Сейчас я понимаю, что вступил тогда на опасную тропу, по которой идет всякий будущий художник, пока не достигнет своих собственных владений. У меня не было ни идеалов, ни мнений, я скучал на занятиях, где разжевывали уже известные мне вещи, жаждал славы и не понимал, как ее ухватить, жаждал любви и боялся ее – ибо, сказать по правде, не знал, в какой тени она могла прятаться. Я трудился, не жалея сил, хотя и скрывал это от приятелей: только труд, считал я, поможет мне верно направить душевную энергию, которую я уже успел в себе почувствовать. Но вокруг было слишком много доктрин, чтобы я мог безоговорочно поверить в какую-то одну, – и я не верил ничему, даже самому себе.

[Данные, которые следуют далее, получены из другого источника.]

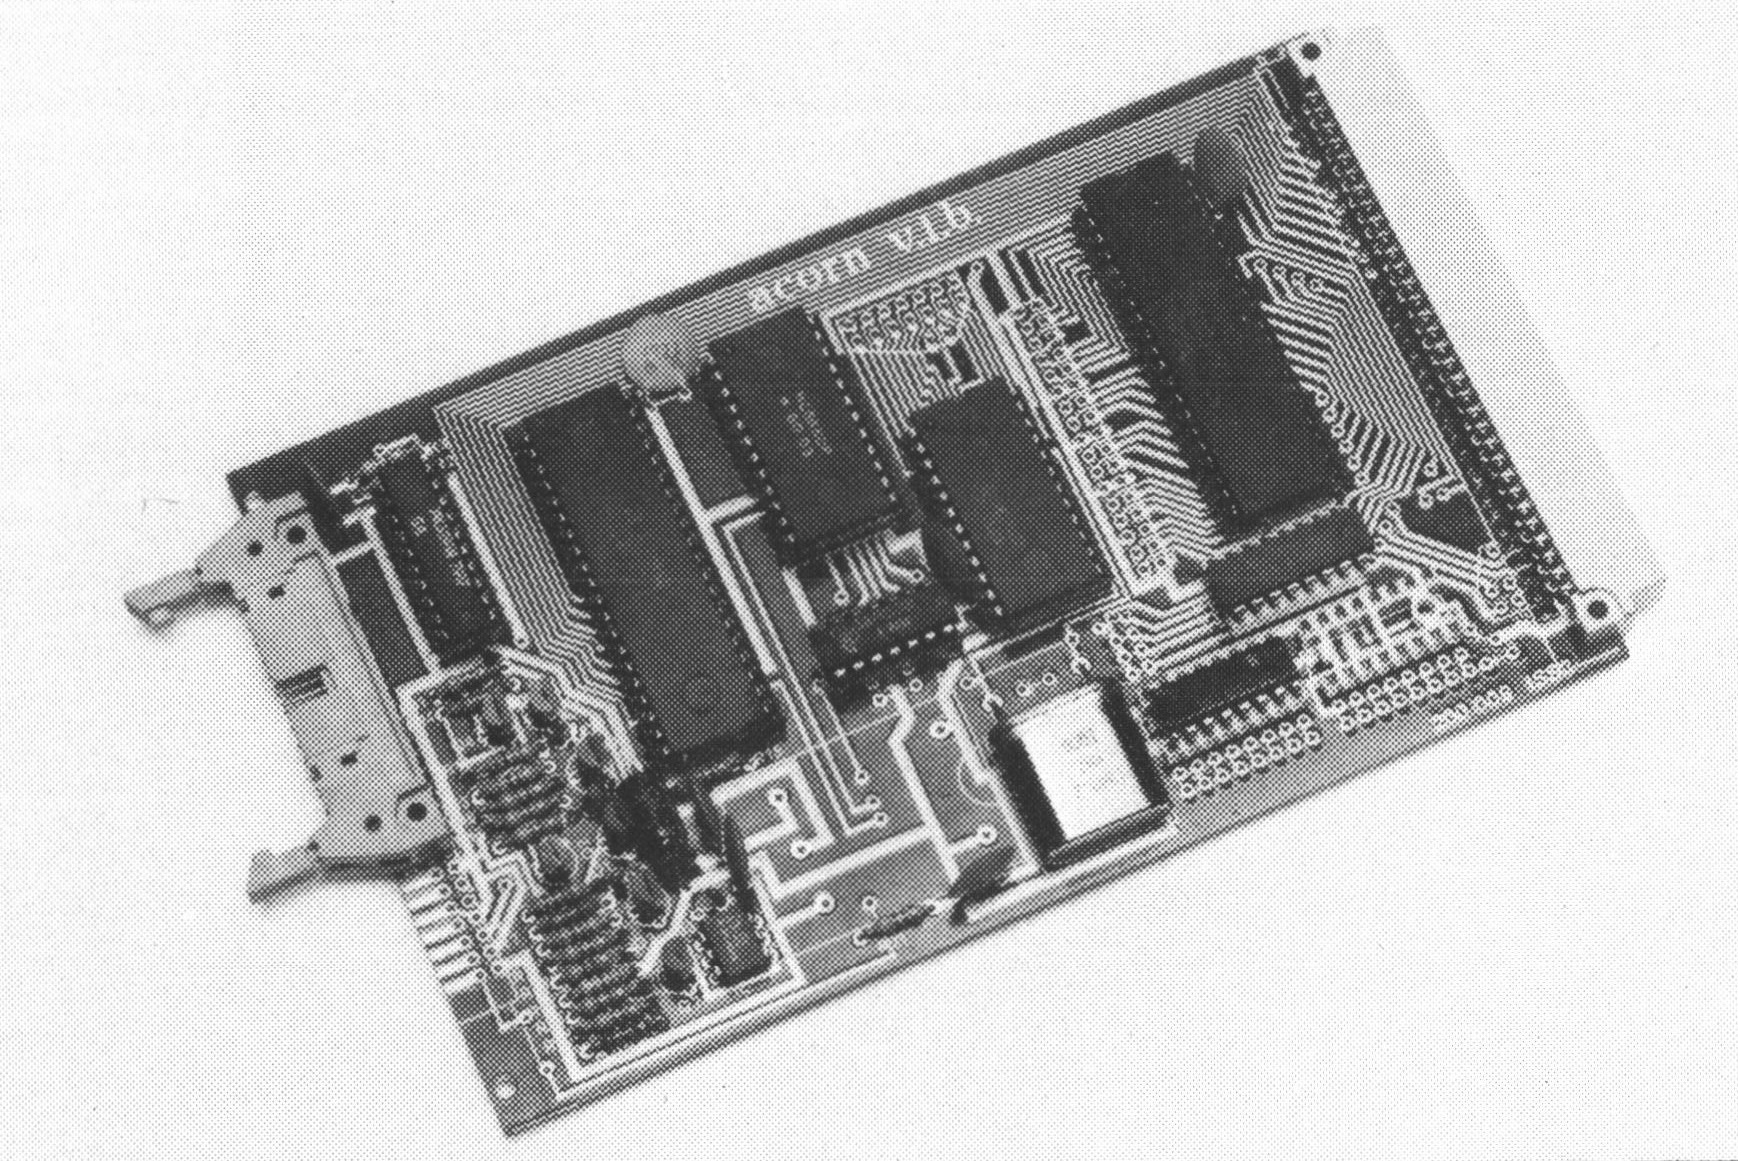 Acorn System Versatile Interface Board (VIB)
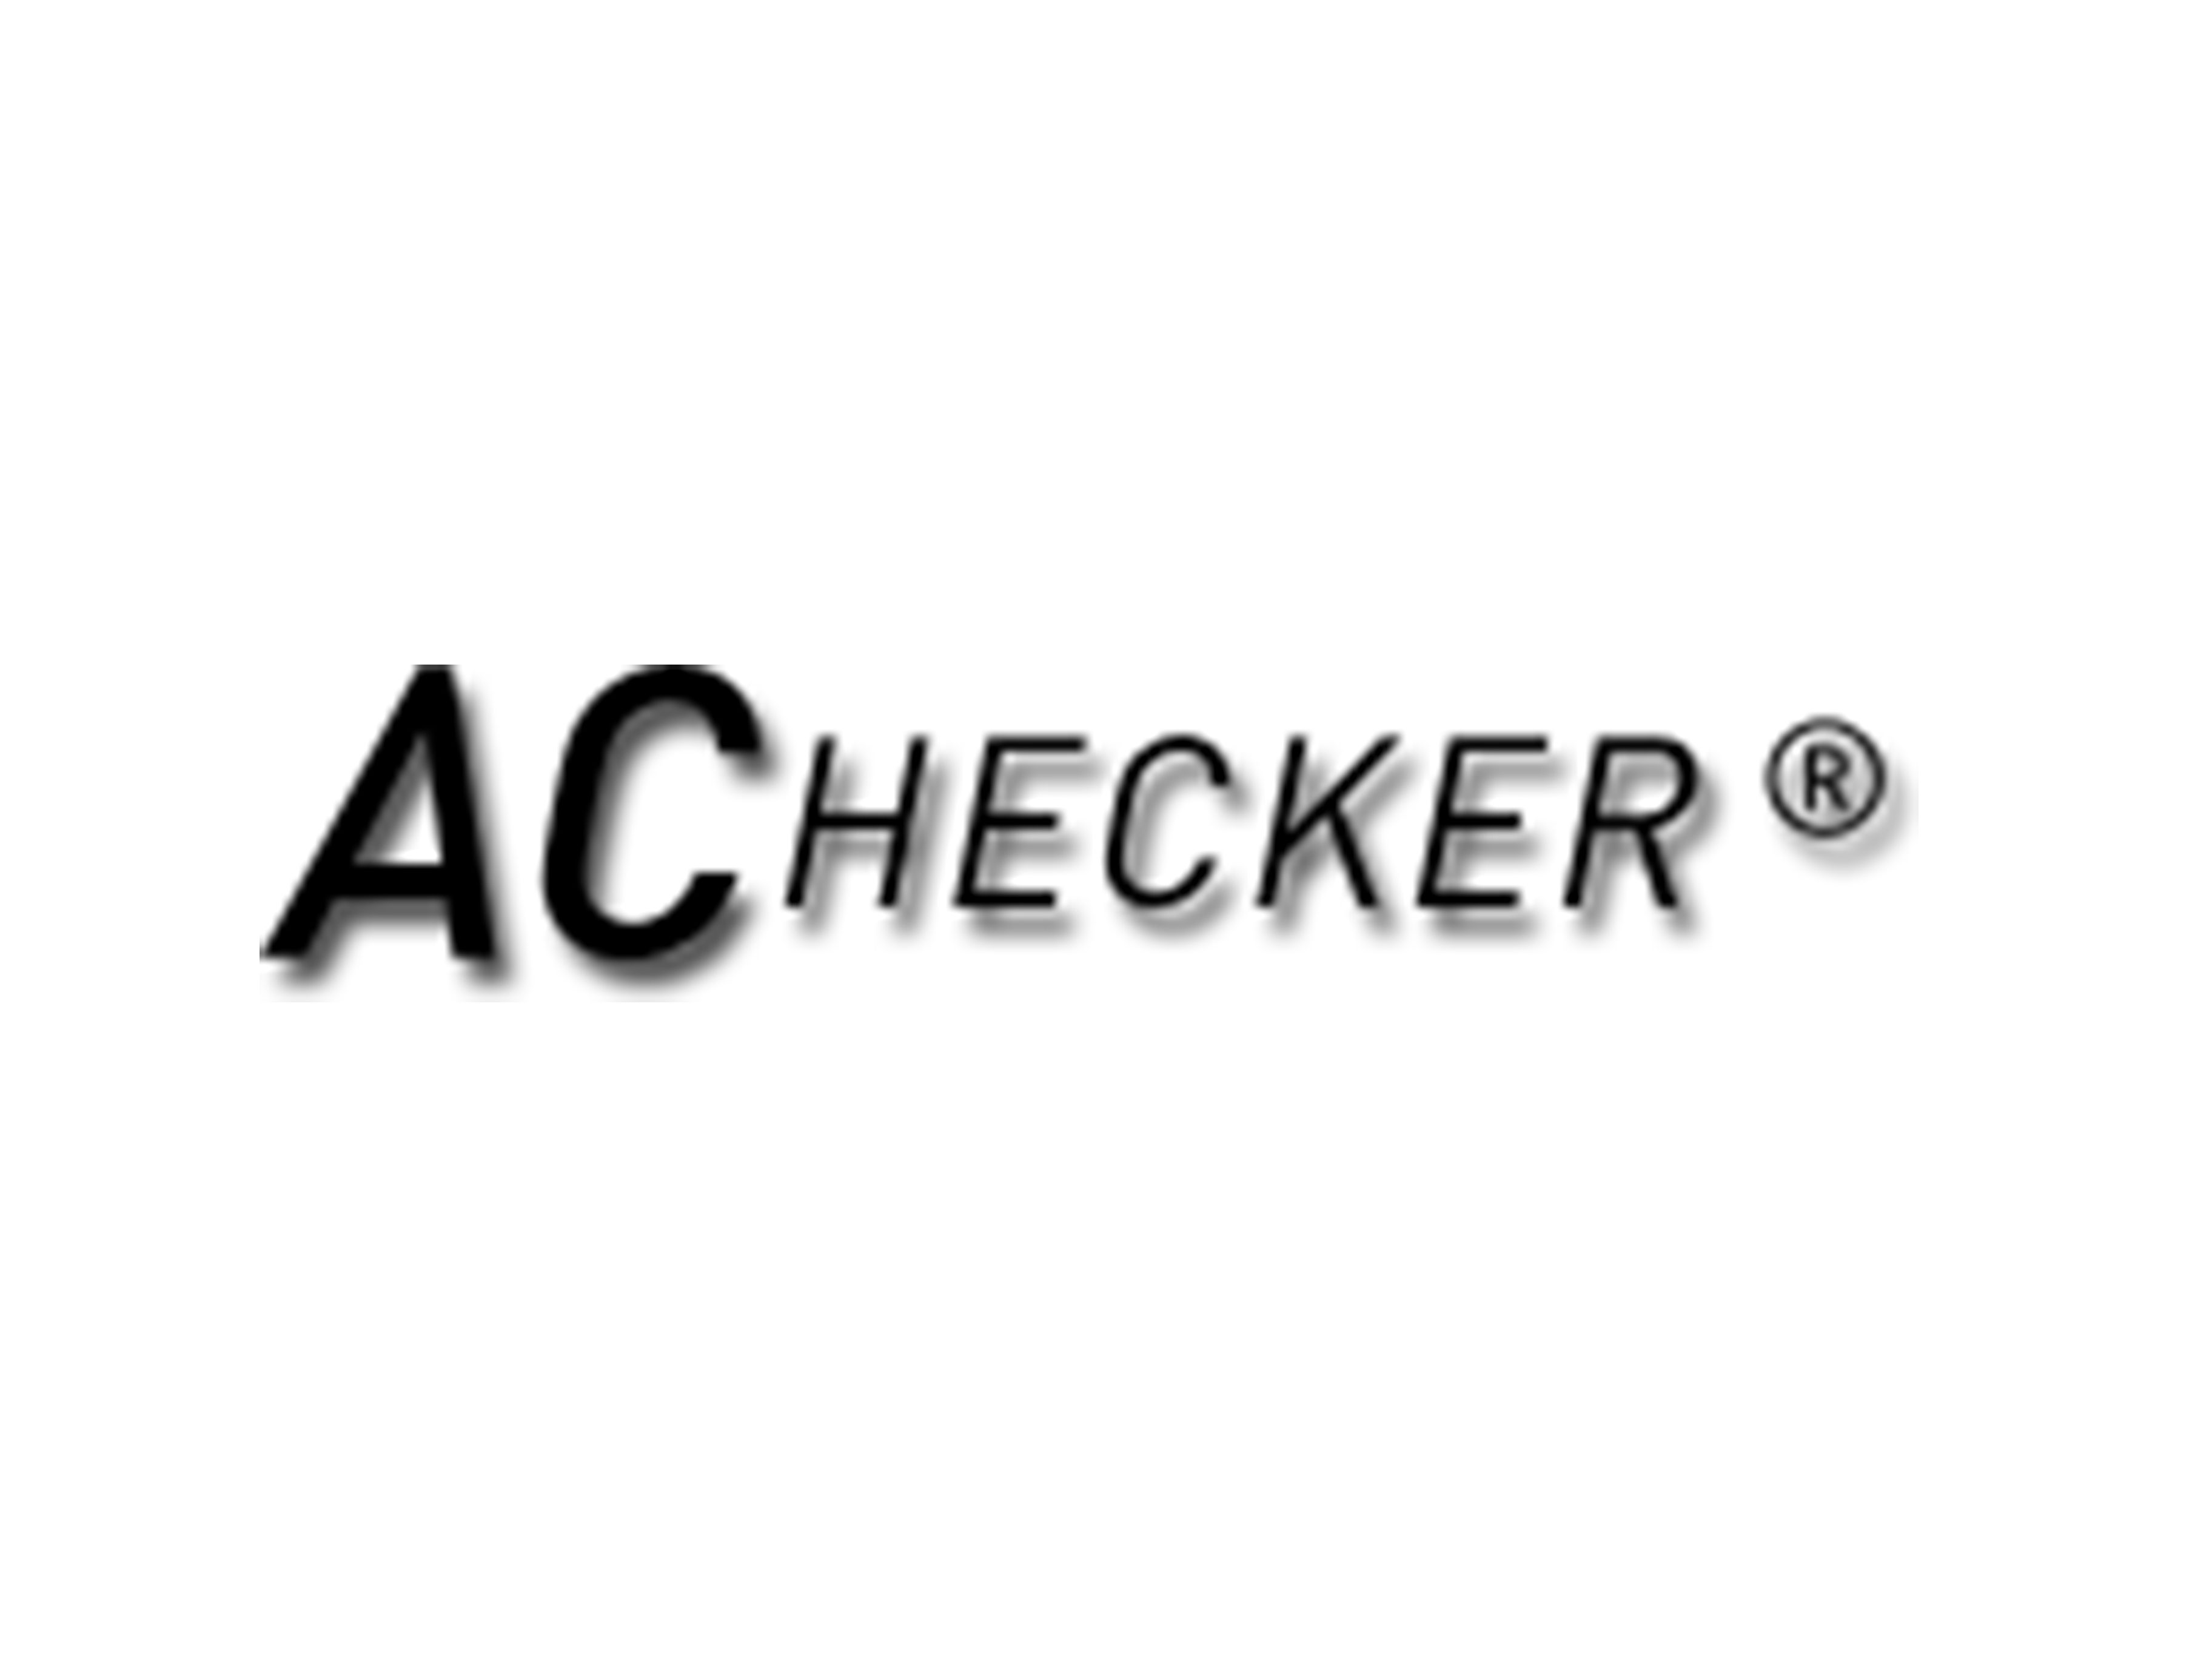 AC checker

Меня переполняло честолюбие, но оно не было связано ни с чем определенным.

Ибо волею судьбы я осознал себя как художник в такое время, когда все ценности оказались под сомнением. Позже я понял, что искусство и его ценности можно обрести, творя собственную личность, и что я могу стать Зевсом и Афиной в одном лице, родив себя самого, обновленного и могущественного, из своей же головы. Но в Оксфорде я был еще молод, и, не имея внутри себя никакой руководящей идеи, кроме честолюбия, я искал руководства всюду, где мог.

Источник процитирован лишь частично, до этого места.